Among the many things that Ryan Garcia has done to prepare for the future was relive his past.

The unbeaten lightweight has spent the past eight weeks under the watchful eye of new head trainer Joe Goossen, as they prepare for an April 9 DAZN headliner versus Ghana’s Emmanuel Tagoe at Alamodome in San Antonio, Texas. The time spent together has included the studying of Garcia’s most recent win, an off-the-canvas, seventh-round knockout of 2012 Olympic Gold medalist and former title challenger Luke Campbell last January in Dallas.

The win put the now 23-year-old Garcia on the map as a top lightweight, though also forced him to overcome an early scare that he now believes he could have avoided.

“I love studying the game of boxing,” Garcia noted during an open media workout at his training facility in Chula Vista, California. “Positioning wise on why I got caught, maybe I just started too fast. Maybe I could have slowed it down and not got caught with that at all and had a perfect fight.

“It taught me how I would respond in the face of adversity. It was the first time I ever got knocked down in a real fight. I was like, ‘Fuck it, we’re fighting now. Now the real fight started. I took your best shot, let’s see if you can take mine.”

Garcia (21-0, 18KOs) recovered from a second-round knockdown to become the first to stop England’s Campbell (20-4, 16KOs), winning the interim WBC lightweight title in the process. Campbell suffered knockdowns in separate title fight losses to Jorge Linares and Vasiliy Lomachenko, though managing to go the twelve-round distance on both occasions.

The loss to Garcia marked the only time that Campbell had been stopped in more than 200 combined fights between the pros and amateurs.  

“I’m proud of the fact that I knocked out a fighter that not a lot of great fighters could do,” noted Garcia. “Linares couldn’t knock him out. Lomachenko couldn’t knock him out. I was able to do it. That makes me happy.”

It was the last piece of in-ring happiness for Garcia, who has not fought since that night.

He will enter the fight with Tagoe (32-1, 15KOs)—who has won 32 straight following a loss in his June 2004 pro debut—on the heels of a career-long 15-month layoff and with a new trainer. Garcia spent his past five fights under the tutelage of Eddy Reynoso, the renowned two-time Trainer of the Year who is best known for his career-long work with pound-for-pound king and four-division champion Saul ‘Canelo’ Alvarez (57-1-2, 39KOs).

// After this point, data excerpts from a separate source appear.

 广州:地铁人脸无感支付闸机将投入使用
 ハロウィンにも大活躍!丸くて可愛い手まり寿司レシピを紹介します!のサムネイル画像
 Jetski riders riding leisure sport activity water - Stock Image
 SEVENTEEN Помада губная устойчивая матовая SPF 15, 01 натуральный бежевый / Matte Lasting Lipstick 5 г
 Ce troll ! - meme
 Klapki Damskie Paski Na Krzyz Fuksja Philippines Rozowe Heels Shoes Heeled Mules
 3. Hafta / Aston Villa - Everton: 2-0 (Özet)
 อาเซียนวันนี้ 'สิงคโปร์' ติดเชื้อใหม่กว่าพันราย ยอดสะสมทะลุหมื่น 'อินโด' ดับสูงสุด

The fight with Tagoe will be his first under Goossen, who has trained numerous world champions and Hall of Fame-level talent through nearly 40 years involved in the sport. Garcia vows to be his next champ.

“When you gotta trust that gut feeling—and a lot of people don’t, but I do—you just have to go with it,” Garcia stated of the switch in head trainers. “I knew Joe was going to be a good fit for me. He’s old school. He knows the history of the game.”